BEGIN Source material
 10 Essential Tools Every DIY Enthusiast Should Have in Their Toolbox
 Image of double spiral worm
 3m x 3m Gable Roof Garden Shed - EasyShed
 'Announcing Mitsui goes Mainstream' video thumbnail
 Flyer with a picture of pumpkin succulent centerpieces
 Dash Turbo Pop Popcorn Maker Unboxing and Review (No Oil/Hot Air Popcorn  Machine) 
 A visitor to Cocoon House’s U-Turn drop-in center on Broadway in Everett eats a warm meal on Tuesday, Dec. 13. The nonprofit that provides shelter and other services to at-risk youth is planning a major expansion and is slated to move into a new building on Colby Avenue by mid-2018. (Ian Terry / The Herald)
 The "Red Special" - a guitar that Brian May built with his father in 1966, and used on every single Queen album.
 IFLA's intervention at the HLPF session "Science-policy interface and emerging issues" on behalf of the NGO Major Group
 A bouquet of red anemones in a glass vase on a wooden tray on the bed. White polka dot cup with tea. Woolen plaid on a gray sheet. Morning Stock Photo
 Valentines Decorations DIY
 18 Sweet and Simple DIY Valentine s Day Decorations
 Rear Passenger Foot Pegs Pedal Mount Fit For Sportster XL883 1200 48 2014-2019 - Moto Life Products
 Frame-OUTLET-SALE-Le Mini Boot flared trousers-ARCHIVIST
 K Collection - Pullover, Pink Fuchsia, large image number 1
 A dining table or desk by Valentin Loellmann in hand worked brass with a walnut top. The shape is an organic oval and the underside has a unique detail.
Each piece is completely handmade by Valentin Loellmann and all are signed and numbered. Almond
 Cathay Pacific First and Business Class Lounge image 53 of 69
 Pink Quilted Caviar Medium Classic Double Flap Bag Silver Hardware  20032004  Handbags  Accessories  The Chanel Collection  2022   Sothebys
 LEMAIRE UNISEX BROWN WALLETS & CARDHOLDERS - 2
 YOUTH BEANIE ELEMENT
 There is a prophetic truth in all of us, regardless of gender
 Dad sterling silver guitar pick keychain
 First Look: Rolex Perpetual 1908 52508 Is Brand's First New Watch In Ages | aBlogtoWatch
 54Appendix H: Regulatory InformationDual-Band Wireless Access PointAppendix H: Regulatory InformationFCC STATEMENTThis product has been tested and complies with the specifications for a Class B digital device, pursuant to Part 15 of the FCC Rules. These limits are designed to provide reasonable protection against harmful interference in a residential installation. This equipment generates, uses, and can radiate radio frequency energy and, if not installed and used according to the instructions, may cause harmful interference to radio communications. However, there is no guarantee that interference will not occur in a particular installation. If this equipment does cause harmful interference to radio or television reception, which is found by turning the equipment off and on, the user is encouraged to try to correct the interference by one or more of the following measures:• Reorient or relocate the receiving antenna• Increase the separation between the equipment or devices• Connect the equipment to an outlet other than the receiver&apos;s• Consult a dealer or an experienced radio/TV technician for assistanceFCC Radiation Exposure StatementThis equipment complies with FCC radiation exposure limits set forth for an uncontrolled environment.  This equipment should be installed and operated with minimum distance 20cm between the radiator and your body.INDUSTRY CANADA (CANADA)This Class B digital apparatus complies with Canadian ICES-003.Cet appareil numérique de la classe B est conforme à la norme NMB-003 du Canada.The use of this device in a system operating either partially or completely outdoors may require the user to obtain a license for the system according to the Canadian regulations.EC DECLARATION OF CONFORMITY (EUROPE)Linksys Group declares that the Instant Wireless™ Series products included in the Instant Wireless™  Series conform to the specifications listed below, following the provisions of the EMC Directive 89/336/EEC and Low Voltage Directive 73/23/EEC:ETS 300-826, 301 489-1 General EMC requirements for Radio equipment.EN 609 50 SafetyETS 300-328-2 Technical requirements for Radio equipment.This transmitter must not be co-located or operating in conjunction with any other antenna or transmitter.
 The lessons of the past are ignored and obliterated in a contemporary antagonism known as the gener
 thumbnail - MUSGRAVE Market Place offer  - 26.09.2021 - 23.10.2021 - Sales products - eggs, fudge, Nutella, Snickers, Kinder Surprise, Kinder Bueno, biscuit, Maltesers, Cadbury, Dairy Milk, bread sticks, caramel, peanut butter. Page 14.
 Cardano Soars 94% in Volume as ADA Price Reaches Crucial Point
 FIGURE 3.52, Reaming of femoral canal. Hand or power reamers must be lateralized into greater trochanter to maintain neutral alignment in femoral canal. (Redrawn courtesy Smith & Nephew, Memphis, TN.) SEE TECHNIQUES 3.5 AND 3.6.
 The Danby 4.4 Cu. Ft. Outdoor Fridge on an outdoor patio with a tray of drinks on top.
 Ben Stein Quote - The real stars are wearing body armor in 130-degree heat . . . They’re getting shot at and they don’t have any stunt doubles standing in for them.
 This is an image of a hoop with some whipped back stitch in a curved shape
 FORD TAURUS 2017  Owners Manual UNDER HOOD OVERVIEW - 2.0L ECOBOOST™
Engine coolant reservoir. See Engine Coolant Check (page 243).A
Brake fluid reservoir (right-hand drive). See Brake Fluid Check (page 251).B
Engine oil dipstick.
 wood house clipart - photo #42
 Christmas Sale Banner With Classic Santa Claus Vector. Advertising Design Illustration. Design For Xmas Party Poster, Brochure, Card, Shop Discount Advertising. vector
END Source material
= Exercise aim =
Would you give the listing again, word for word?

= Exercise response =
 10 Essential Tools Every DIY Enthusiast Should Have in Their Toolbox
 Image of double spiral worm
 3m x 3m Gable Roof Garden Shed - EasyShed
 'Announcing Mitsui goes Mainstream' video thumbnail
 Flyer with a picture of pumpkin succulent centerpieces
 Dash Turbo Pop Popcorn Maker Unboxing and Review (No Oil/Hot Air Popcorn  Machine) 
 A visitor to Cocoon House’s U-Turn drop-in center on Broadway in Everett eats a warm meal on Tuesday, Dec. 13. The nonprofit that provides shelter and other services to at-risk youth is planning a major expansion and is slated to move into a new building on Colby Avenue by mid-2018. (Ian Terry / The Herald)
 The "Red Special" - a guitar that Brian May built with his father in 1966, and used on every single Queen album.
 IFLA's intervention at the HLPF session "Science-policy interface and emerging issues" on behalf of the NGO Major Group
 A bouquet of red anemones in a glass vase on a wooden tray on the bed. White polka dot cup with tea. Woolen plaid on a gray sheet. Morning Stock Photo
 Valentines Decorations DIY
 18 Sweet and Simple DIY Valentine s Day Decorations
 Rear Passenger Foot Pegs Pedal Mount Fit For Sportster XL883 1200 48 2014-2019 - Moto Life Products
 Frame-OUTLET-SALE-Le Mini Boot flared trousers-ARCHIVIST
 K Collection - Pullover, Pink Fuchsia, large image number 1
 A dining table or desk by Valentin Loellmann in hand worked brass with a walnut top. The shape is an organic oval and the underside has a unique detail.
Each piece is completely handmade by Valentin Loellmann and all are signed and numbered. Almond
 Cathay Pacific First and Business Class Lounge image 53 of 69
 Pink Quilted Caviar Medium Classic Double Flap Bag Silver Hardware  20032004  Handbags  Accessories  The Chanel Collection  2022   Sothebys
 LEMAIRE UNISEX BROWN WALLETS & CARDHOLDERS - 2
 YOUTH BEANIE ELEMENT
 There is a prophetic truth in all of us, regardless of gender
 Dad sterling silver guitar pick keychain
 First Look: Rolex Perpetual 1908 52508 Is Brand's First New Watch In Ages | aBlogtoWatch
 54Appendix H: Regulatory InformationDual-Band Wireless Access PointAppendix H: Regulatory InformationFCC STATEMENTThis product has been tested and complies with the specifications for a Class B digital device, pursuant to Part 15 of the FCC Rules. These limits are designed to provide reasonable protection against harmful interference in a residential installation. This equipment generates, uses, and can radiate radio frequency energy and, if not installed and used according to the instructions, may cause harmful interference to radio communications. However, there is no guarantee that interference will not occur in a particular installation. If this equipment does cause harmful interference to radio or television reception, which is found by turning the equipment off and on, the user is encouraged to try to correct the interference by one or more of the following measures:• Reorient or relocate the receiving antenna• Increase the separation between the equipment or devices• Connect the equipment to an outlet other than the receiver&apos;s• Consult a dealer or an experienced radio/TV technician for assistanceFCC Radiation Exposure StatementThis equipment complies with FCC radiation exposure limits set forth for an uncontrolled environment.  This equipment should be installed and operated with minimum distance 20cm between the radiator and your body.INDUSTRY CANADA (CANADA)This Class B digital apparatus complies with Canadian ICES-003.Cet appareil numérique de la classe B est conforme à la norme NMB-003 du Canada.The use of this device in a system operating either partially or completely outdoors may require the user to obtain a license for the system according to the Canadian regulations.EC DECLARATION OF CONFORMITY (EUROPE)Linksys Group declares that the Instant Wireless™ Series products included in the Instant Wireless™  Series conform to the specifications listed below, following the provisions of the EMC Directive 89/336/EEC and Low Voltage Directive 73/23/EEC:ETS 300-826, 301 489-1 General EMC requirements for Radio equipment.EN 609 50 SafetyETS 300-328-2 Technical requirements for Radio equipment.This transmitter must not be co-located or operating in conjunction with any other antenna or transmitter.
 The lessons of the past are ignored and obliterated in a contemporary antagonism known as the gener
 thumbnail - MUSGRAVE Market Place offer  - 26.09.2021 - 23.10.2021 - Sales products - eggs, fudge, Nutella, Snickers, Kinder Surprise, Kinder Bueno, biscuit, Maltesers, Cadbury, Dairy Milk, bread sticks, caramel, peanut butter. Page 14.
 Cardano Soars 94% in Volume as ADA Price Reaches Crucial Point
 FIGURE 3.52, Reaming of femoral canal. Hand or power reamers must be lateralized into greater trochanter to maintain neutral alignment in femoral canal. (Redrawn courtesy Smith & Nephew, Memphis, TN.) SEE TECHNIQUES 3.5 AND 3.6.
 The Danby 4.4 Cu. Ft. Outdoor Fridge on an outdoor patio with a tray of drinks on top.
 Ben Stein Quote - The real stars are wearing body armor in 130-degree heat . . . They’re getting shot at and they don’t have any stunt doubles standing in for them.
 This is an image of a hoop with some whipped back stitch in a curved shape
 FORD TAURUS 2017  Owners Manual UNDER HOOD OVERVIEW - 2.0L ECOBOOST™
Engine coolant reservoir. See Engine Coolant Check (page 243).A
Brake fluid reservoir (right-hand drive). See Brake Fluid Check (page 251).B
Engine oil dipstick.
 wood house clipart - photo #42
 Christmas Sale Banner With Classic Santa Claus Vector. Advertising Design Illustration. Design For Xmas Party Poster, Brochure, Card, Shop Discount Advertising. vector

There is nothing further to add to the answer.